La Bibbia della Gioia

Luca 7

Due miracoli straordinari

1Quando Gesù ebbe finito di parlare, tornò nella città di Cafarnao. Là abitava un centurione romano, che aveva un servo, a cui era molto affezionato. Questo servo era ammalato e stava per morire. Quando il centurione seppe di Gesù, mandò alcuni anziani giudei molto rispettati a chiedergli di venire a guarire il suo servo. Essi cominciarono a pregare Gesù con insistenza. Gli raccontarono anche che brava persona fosse quel centurione.

«Se cʼè qualcuno che merita il tuo aiuto, questi è proprio lui!» dissero, «Perché ama i Giudei e ci ha perfino fatto costruire una sinagoga a sue spese!»

6-8 Gesù andò con loro. Stava per arrivare alla casa, quando il centurione gli mandò incontro alcuni amici per dirgli: «Signore, non ti disturbare ad entrare nella mia casa, perché io non sono degno di un tale onore e neppure di venire da te di persona. Diʼ soltanto una parola e il mio servo certamente guarirà! Lo so, perché anchʼio dipendo dallʼautorità dei miei superiori e, a mia volta, ho autorità sui miei uomini. Basta che io dica “Andate!” ed essi ubbidiscono, oppure “Venite!” ed essi vengono; e se dico al mio servo: “Faʼ questo o quello”, egli lo fa.
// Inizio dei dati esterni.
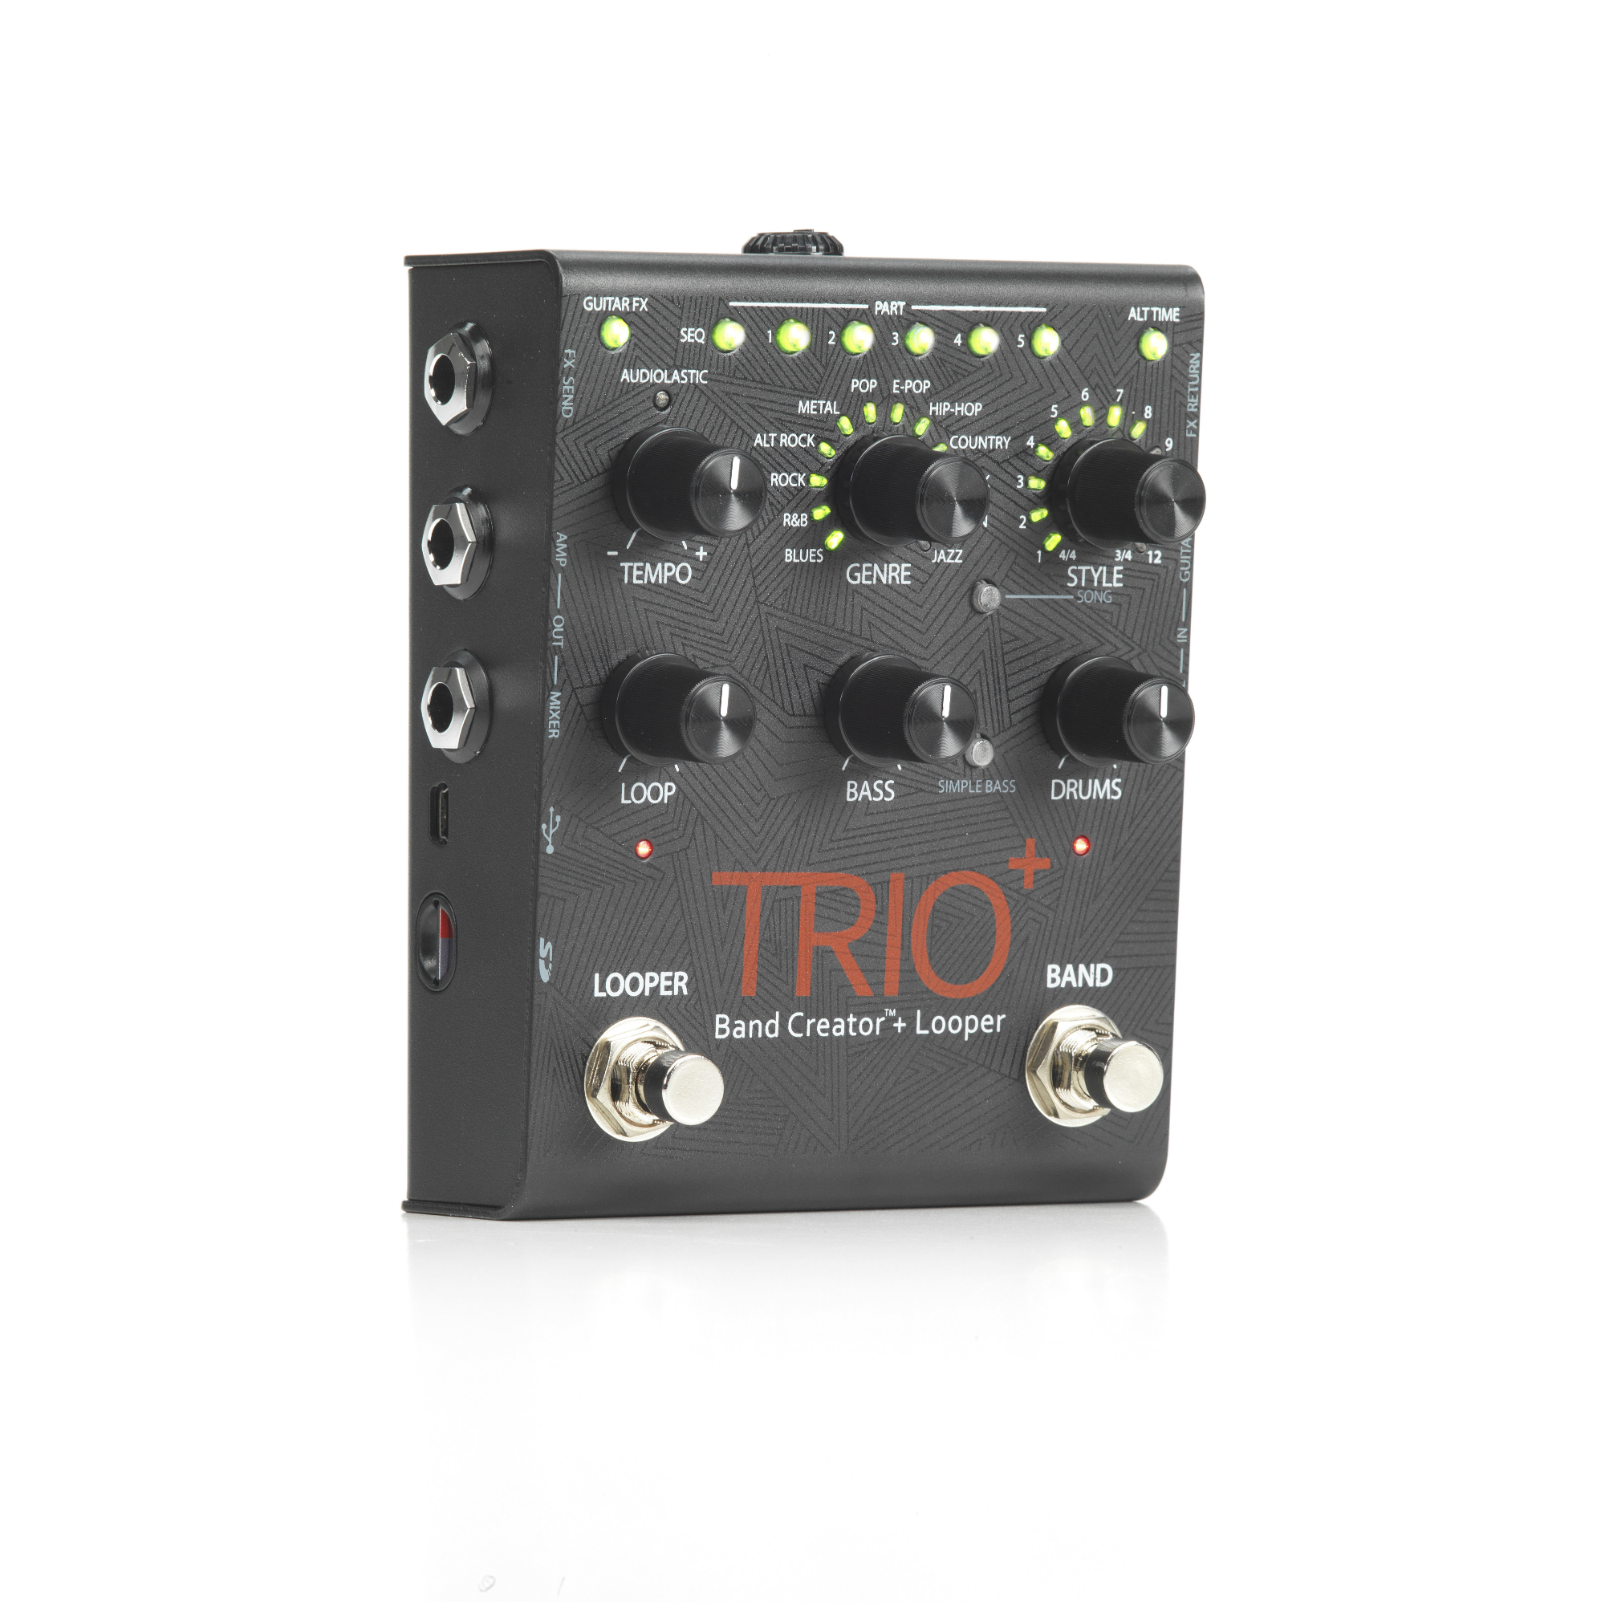 TRIO+ - Black - Band Creator + Looper - Hero
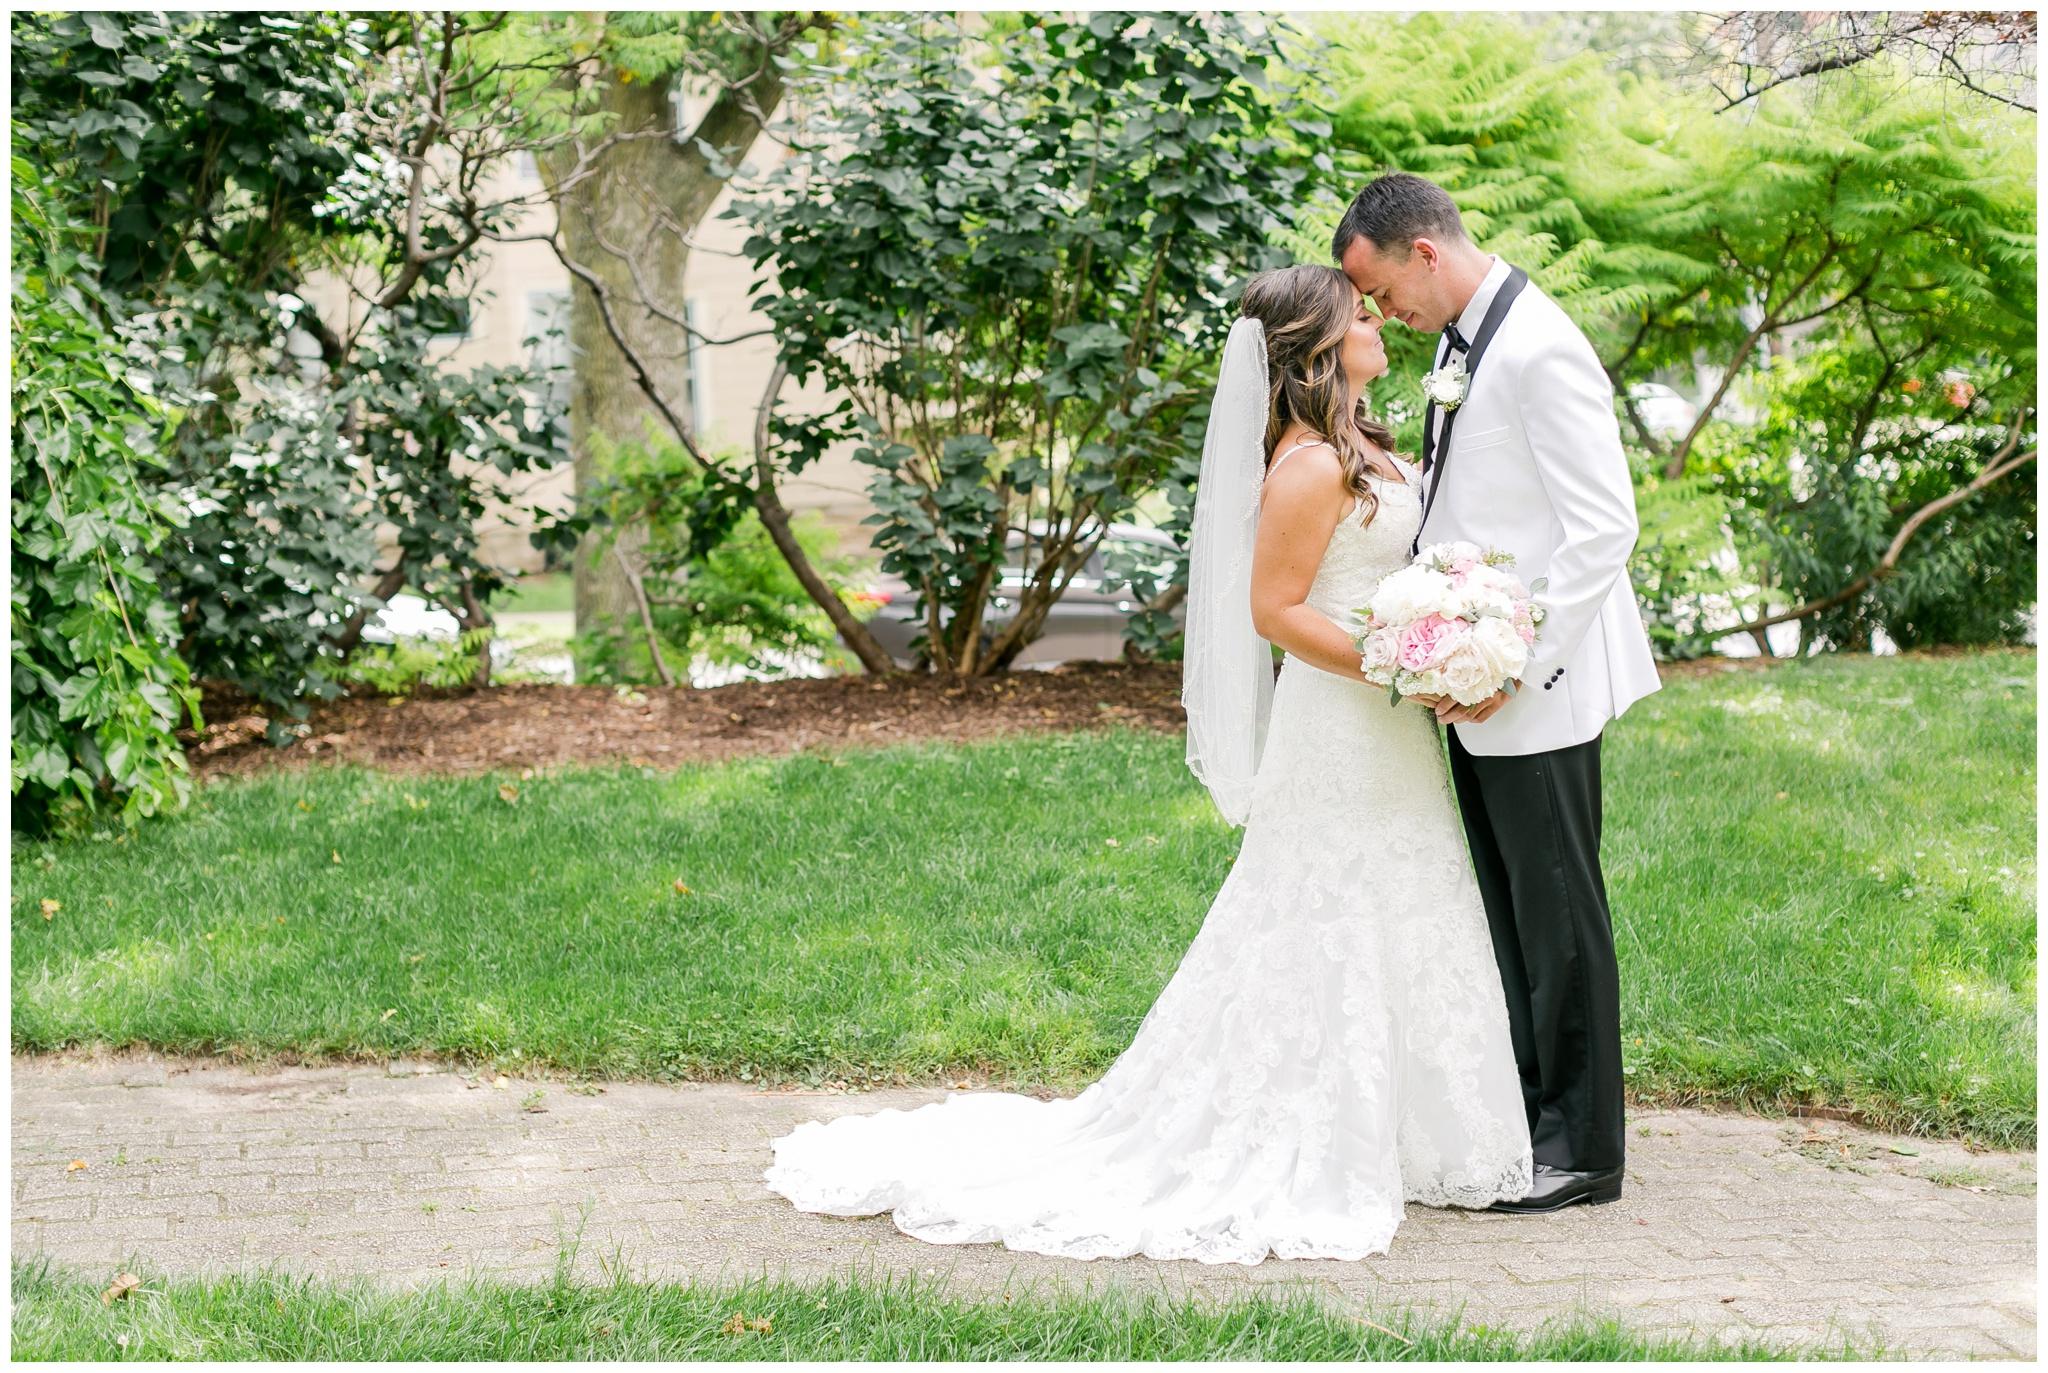 UW_Memorial_Union_wedding_madison_wisconsin_wedding_photographers_4598.jpg

Perciò basta che tu dica: “Sii guarito!” ed il mio servo guarirà!»

Gesù rimase colpito da queste parole. Rivolgendosi alla folla, disse: «Neppure fra il popolo dʼIsraele ho mai trovato un uomo con una fede come questa!»

10 E quando gli amici del centurione ritornarono a casa, trovarono il servo completamente guarito.

11 Non molto tempo dopo, Gesù andò con i suoi discepoli nel villaggio di Naim e, come al solito, una gran folla lo seguiva. 12 In prossimità della porta del villaggio, ecco passare un funerale. Il morto era lʼunico figlio di una vedova, e molte persone accompagnavano, piangendo, la povera donna.

13 Quando il Signore la vide, ebbe pietà di lei. «Non piangere!» le disse. 14 Poi si avvicinò alla bara e la toccò.

I portatori si fermarono. «Ragazzo», disse Gesù, «sono io che te lo dico: àlzati!»

15 Il ragazzo si alzò a sedere e cominciò a parlare. E Gesù lo restituì alla madre.

16 Tutti furono presi da gran timore e si misero a lodare Dio, esclamando: «Un potente profeta è sorto fra noi!» e ancora: «Oggi abbiamo visto allʼopera la mano di Dio!»

17 La notizia di questi fatti corse da un estremo allʼaltro della Giudea, e perfino oltre i suoi confini.

Gesù e Giovanni

18 Ben presto i discepoli di Giovanni Battista vennero a conoscenza di tutto ciò che Gesù stava facendo. Quando lo riferirono a Giovanni, 19 questi mandò due dei suoi discepoli da Gesù per chiedergli: «Sei davvero tu il Messia che deve venire? O dobbiamo continuare ad aspettarlo?»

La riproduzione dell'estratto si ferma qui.